Headaches from a deviated septum have a specific pattern. They result from a bony spur or ridge on the septum pressing directly against the sensitive lining on the opposite wall. This contact-point headache typically affects one side of the face and can be confirmed by a doctor applying a topical numbing agent to the spot. If the headache disappears when the area is numbed, the septum is likely the cause.

How Doctors Confirm a Deviation

Diagnosis is straightforward. A doctor looks inside your nose using a bright light and a tool that gently spreads the nostrils open. For deviations deeper in the nasal cavity, a thin flexible scope with a light on the tip gives a clear view of the full septum. CT scans are occasionally used if surgery is being considered or if sinus disease needs to be evaluated at the same time, but most deviations are visible on a simple physical exam.

When Treatment Becomes Necessary

Mild deviations that don’t affect your breathing or quality of life don’t need treatment. For moderate symptoms, saline rinses and nasal steroid sprays can reduce swelling in the turbinates and improve airflow enough to manage day-to-day comfort. These don’t fix the structural problem, but they can make a meaningful difference.

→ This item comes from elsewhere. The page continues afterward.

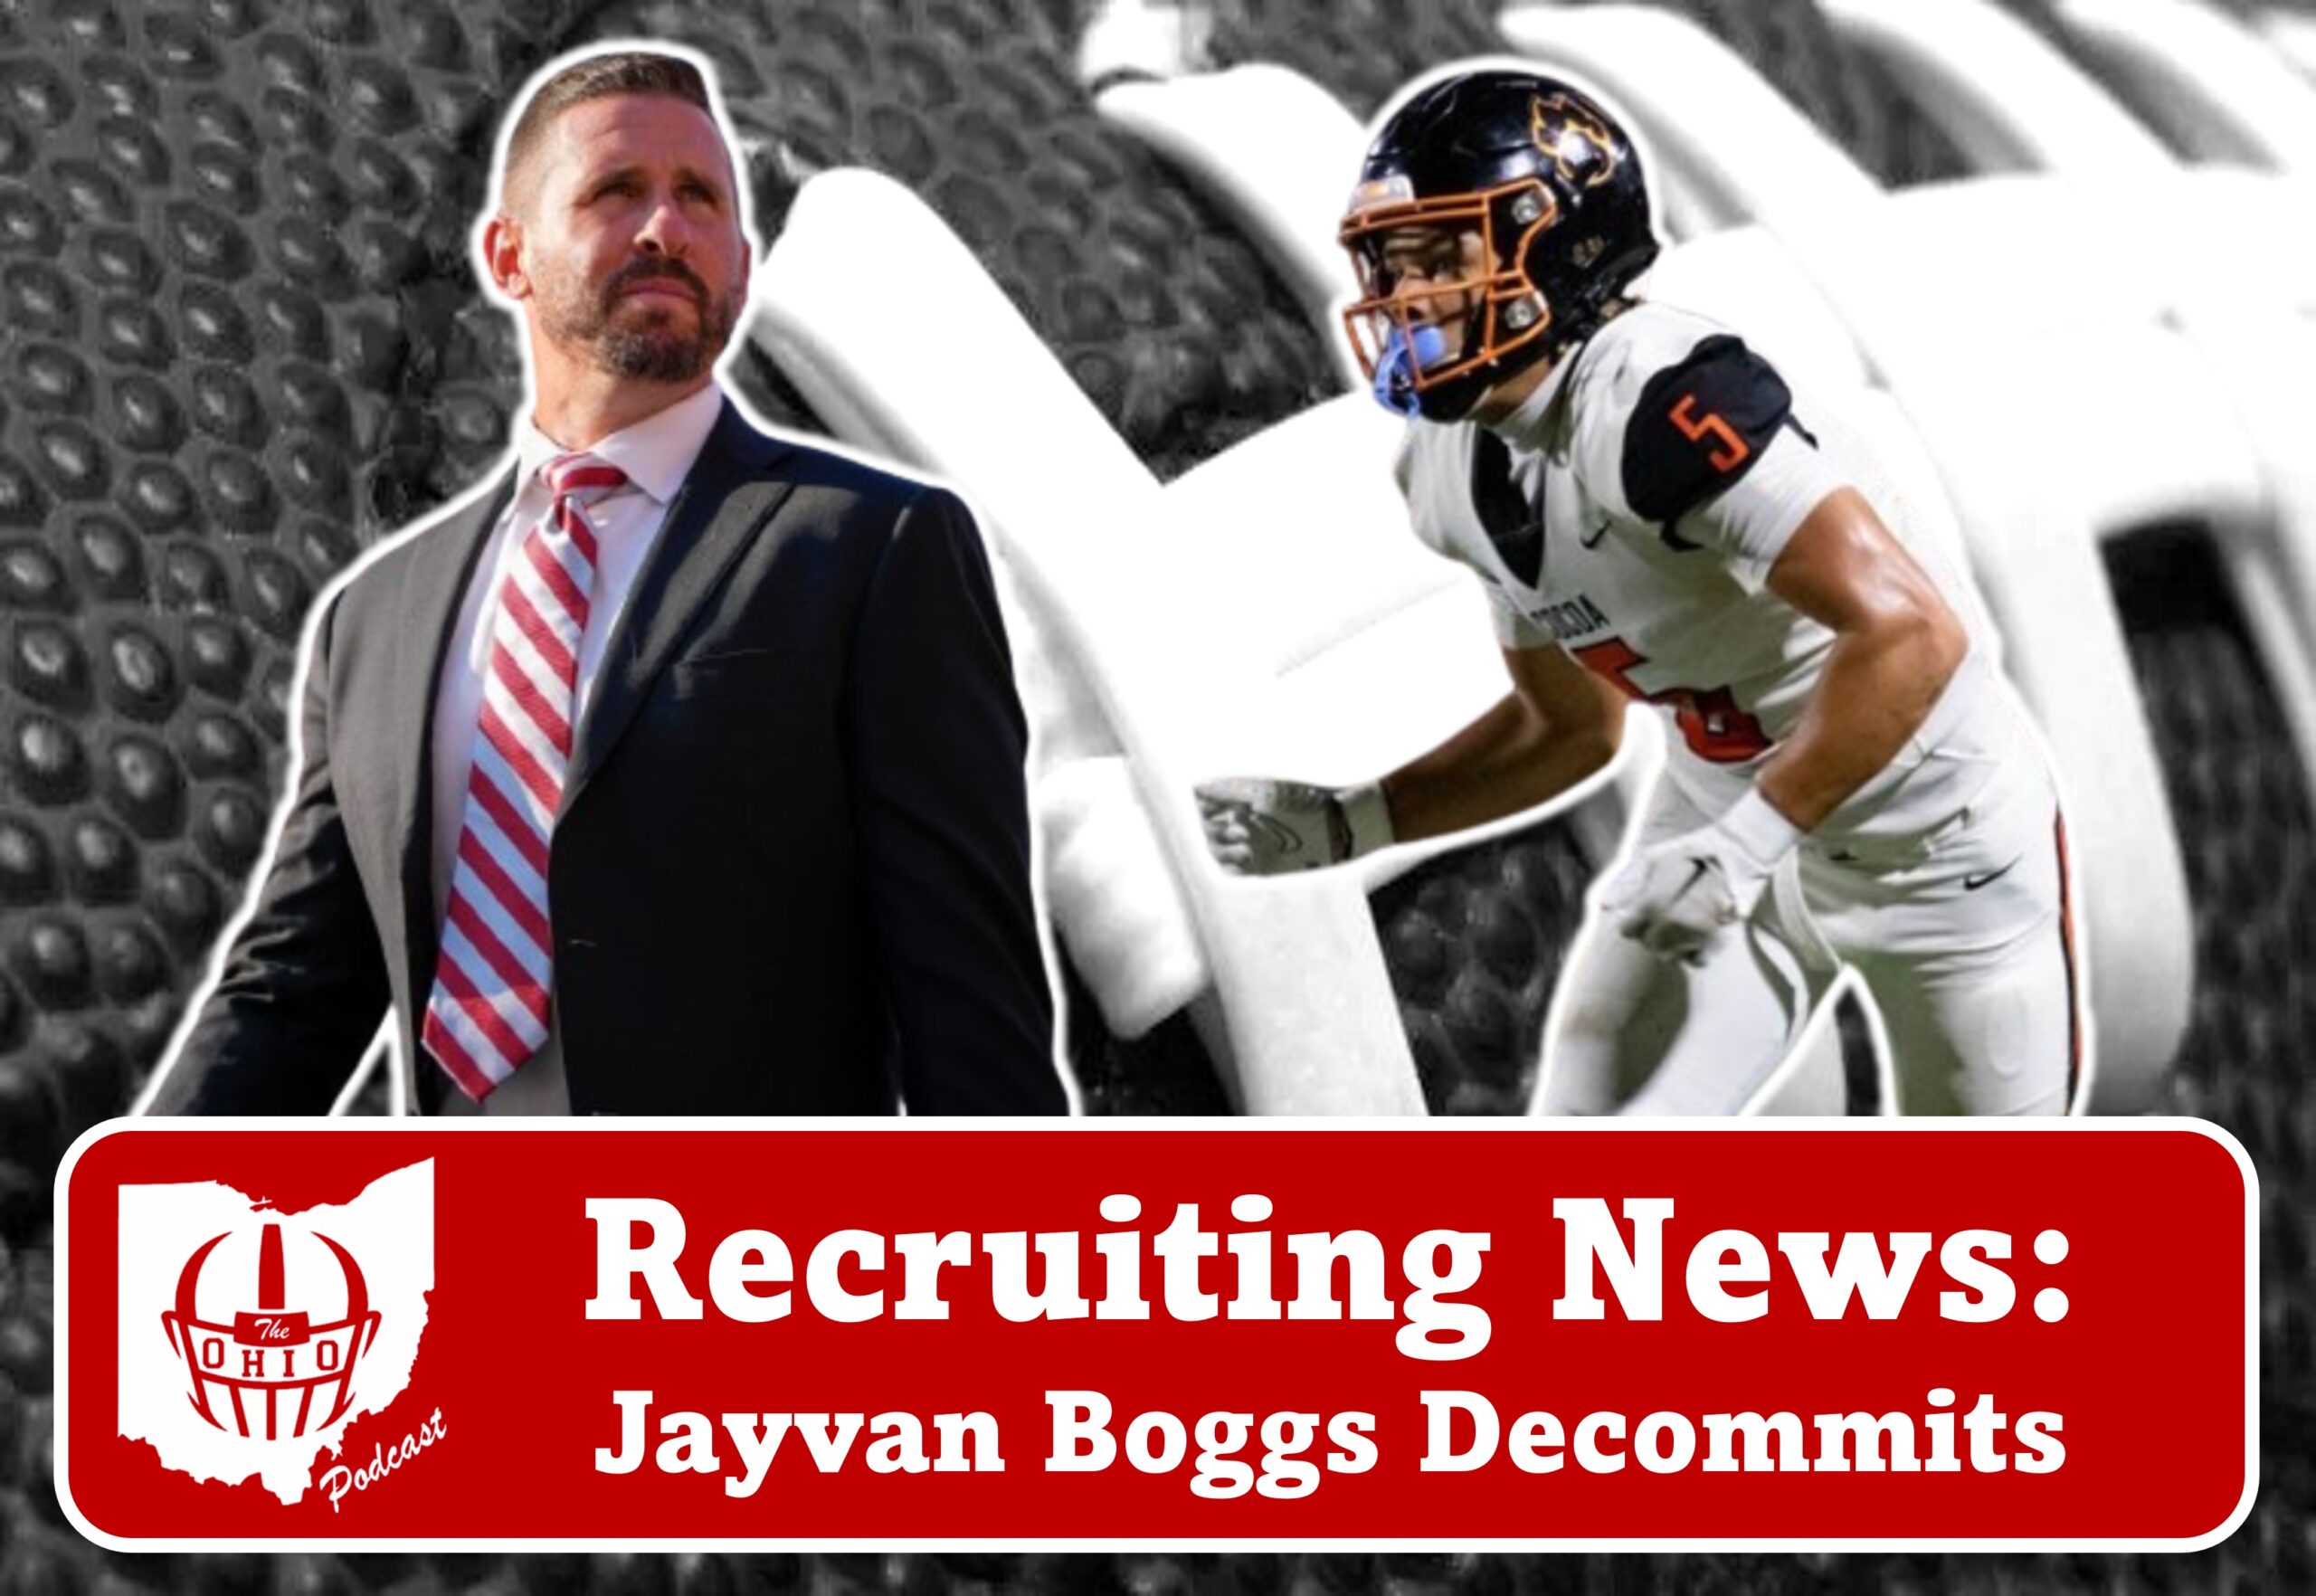 Ohio State Football Recruit Jayvan Boggs Decommits

Surgery, called septoplasty, is considered when specific thresholds are met: nasal airway obstruction that forces mouth breathing or contributes to sleep apnea, nosebleeds that can’t be controlled with other measures, or headaches caused by septal contact points. It’s also performed when a deviated septum blocks access needed for other nasal procedures, like removing polyps or treating chronic sinus disease. The procedure straightens the cartilage and bone, and recovery typically involves a week or two of congestion and tenderness before breathing improves significantly.

Most people with a deviated septum never need surgery. The deviation is simply part of your anatomy, like having one foot slightly larger than the other. It only becomes a medical issue when it consistently interferes with breathing, sleep, or sinus health.